On physical exam, she was noted to be lethargic, with dry mucous membranes.
The surgery was cancelled due to the patient’s medical instability.
Further workup revealed an elevated PTHrP of 301 pg/mL (nl 14–27), a depressed PTH level of 3 pg/mL (nl 15–65), and a depressed 25-OH vitamin D level of 16 ng/mL (nl 30–100), consistent with humoral hypercalcemia of malignancy.
The patient was treated with pamidronate, calcitonin, and intravenous fluids.
She eventually required temporary hemodialysis and denosumab for refractory hypercalcemia.
The patient improved with regard to her electrolyte abnormalities.

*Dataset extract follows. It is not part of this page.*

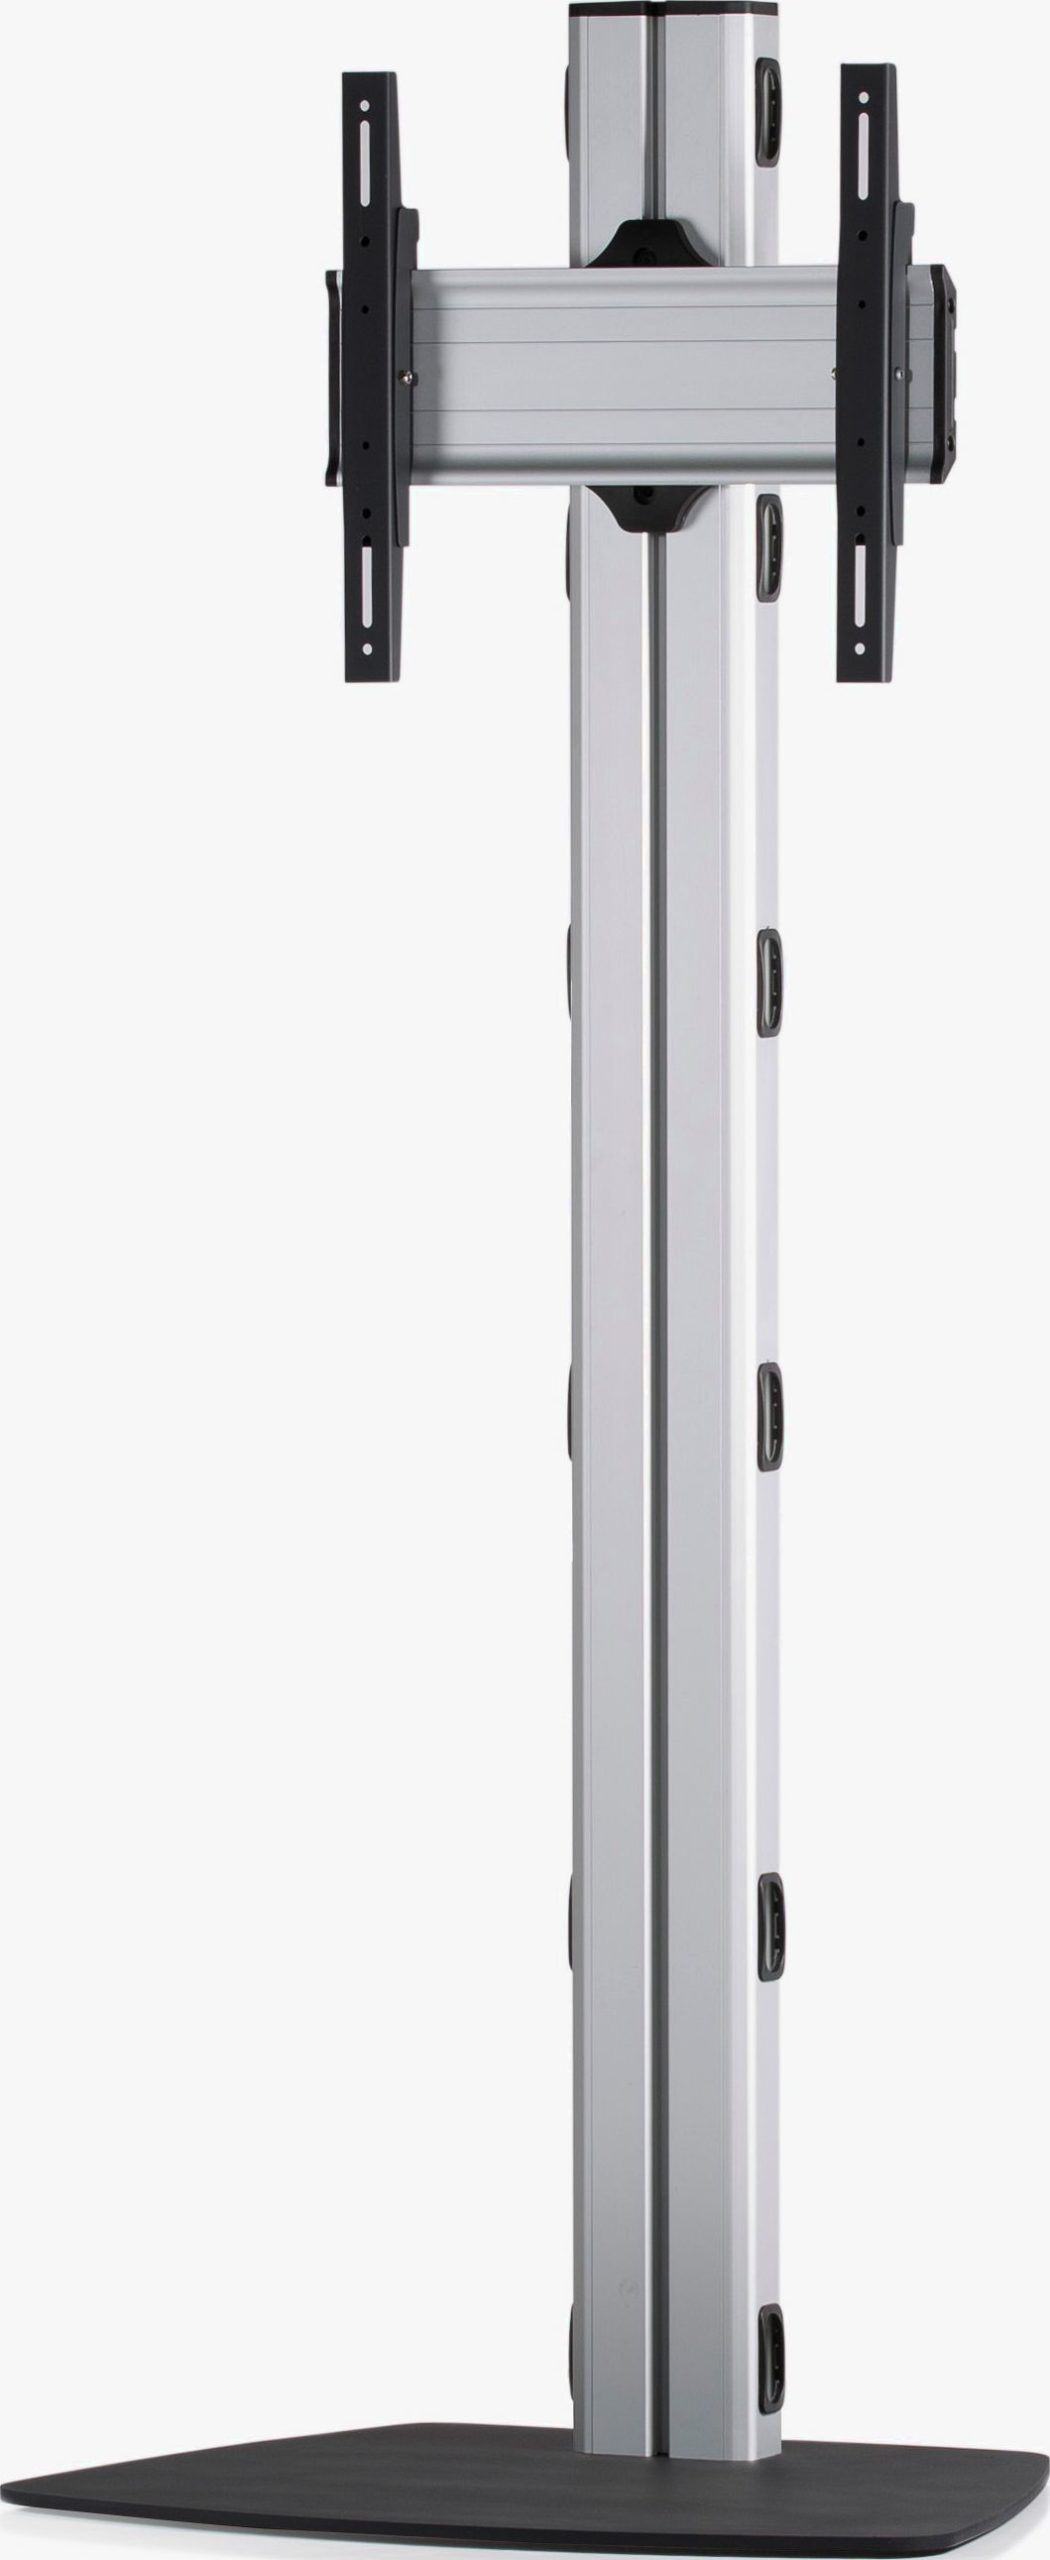 1 Display 1×1, Höhe 180 cm, Standard-VESA, mit Standfuß

Given the extent of her disease, she was planned for neoadjuvant chemotherapy followed by surgery if a good response was achieved.
She was started on a regimen of carboplatin and paclitaxel, which she received for 3 cycles.
She also had palliative radiation to the uterus to control bleeding.
However, her disease failed to respond significantly to chemotherapy, and she ultimately died from complications of malignancy.